About this exercise
Your task is to reproduce exactly the lines from the one containing "Stitch Detail Jeans BM317" through the last line below, both ends included, and nothing else, with no pictures.

Source data
= Beginning of Section =

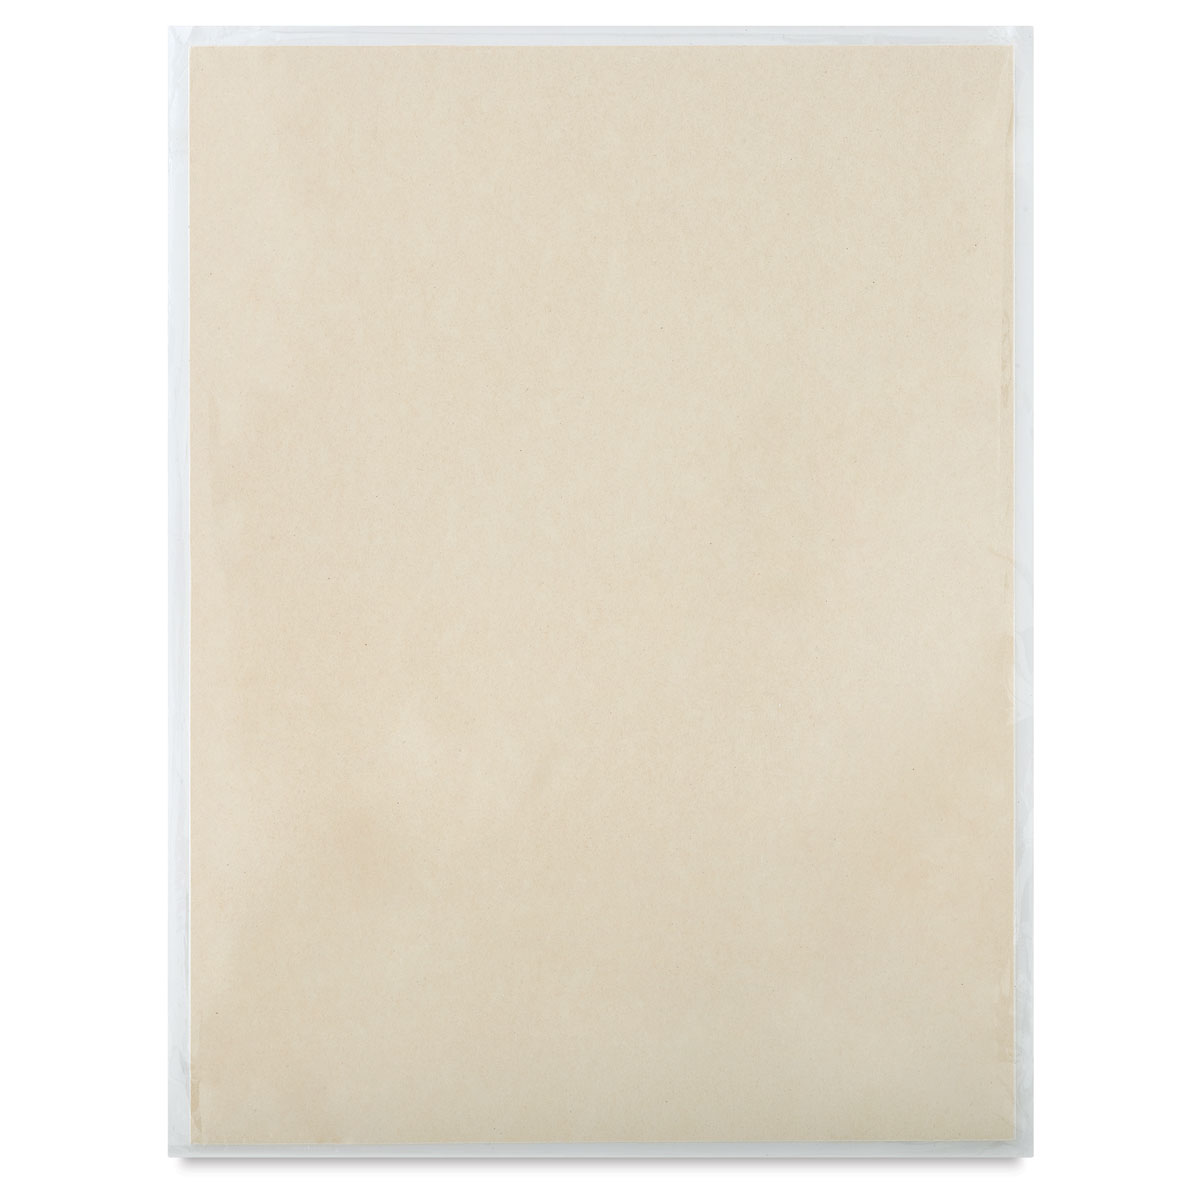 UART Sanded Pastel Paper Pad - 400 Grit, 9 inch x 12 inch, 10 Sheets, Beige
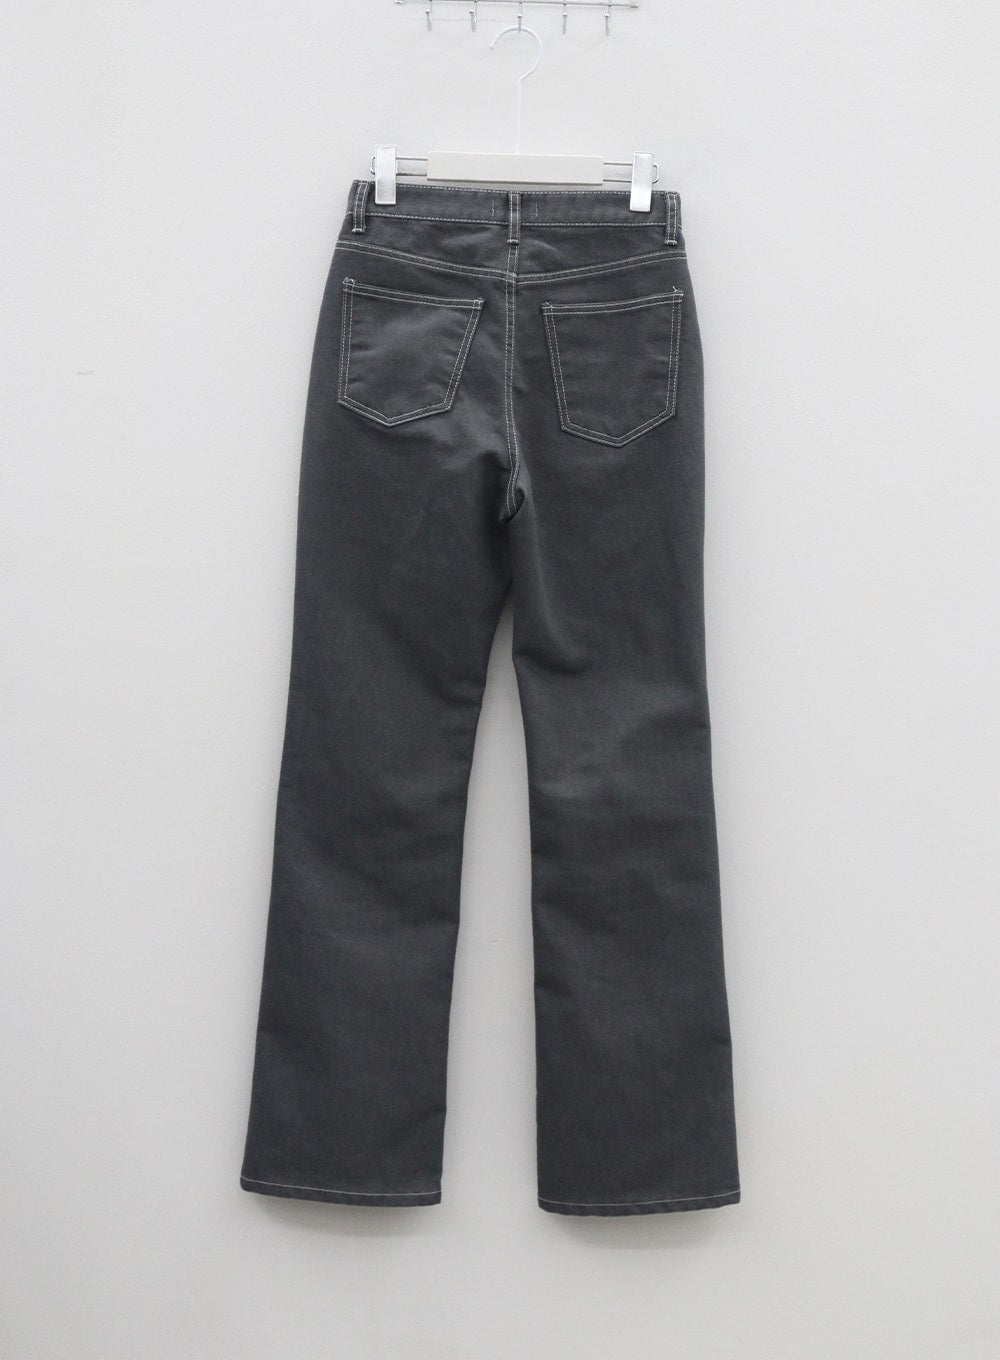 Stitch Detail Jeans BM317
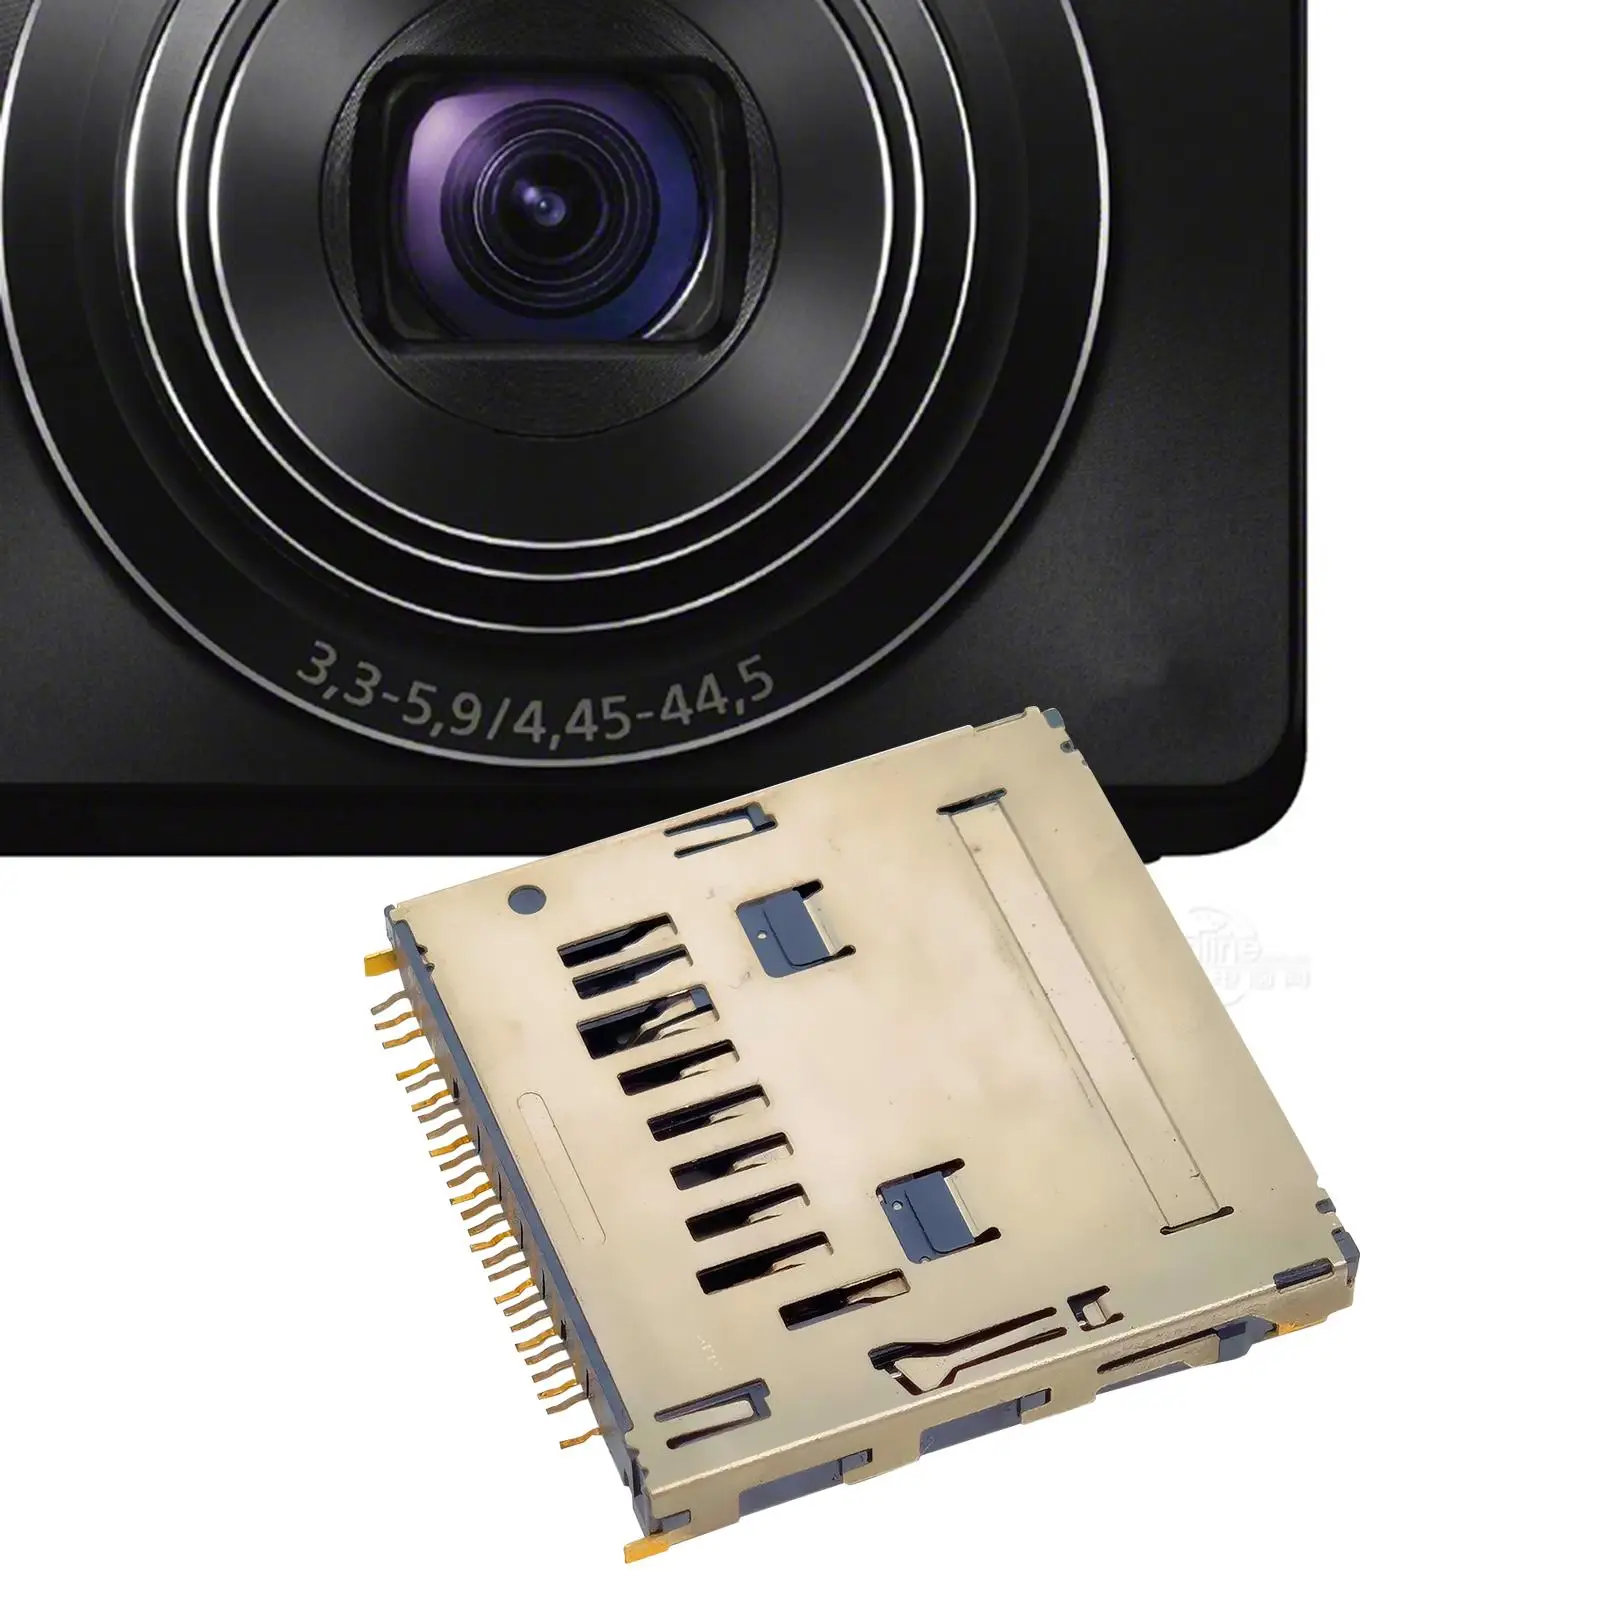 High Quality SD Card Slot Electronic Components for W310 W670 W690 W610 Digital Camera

= End of Section =

Answer section
 Stitch Detail Jeans BM317
 High Quality SD Card Slot Electronic Components for W310 W670 W690 W610 Digital Camera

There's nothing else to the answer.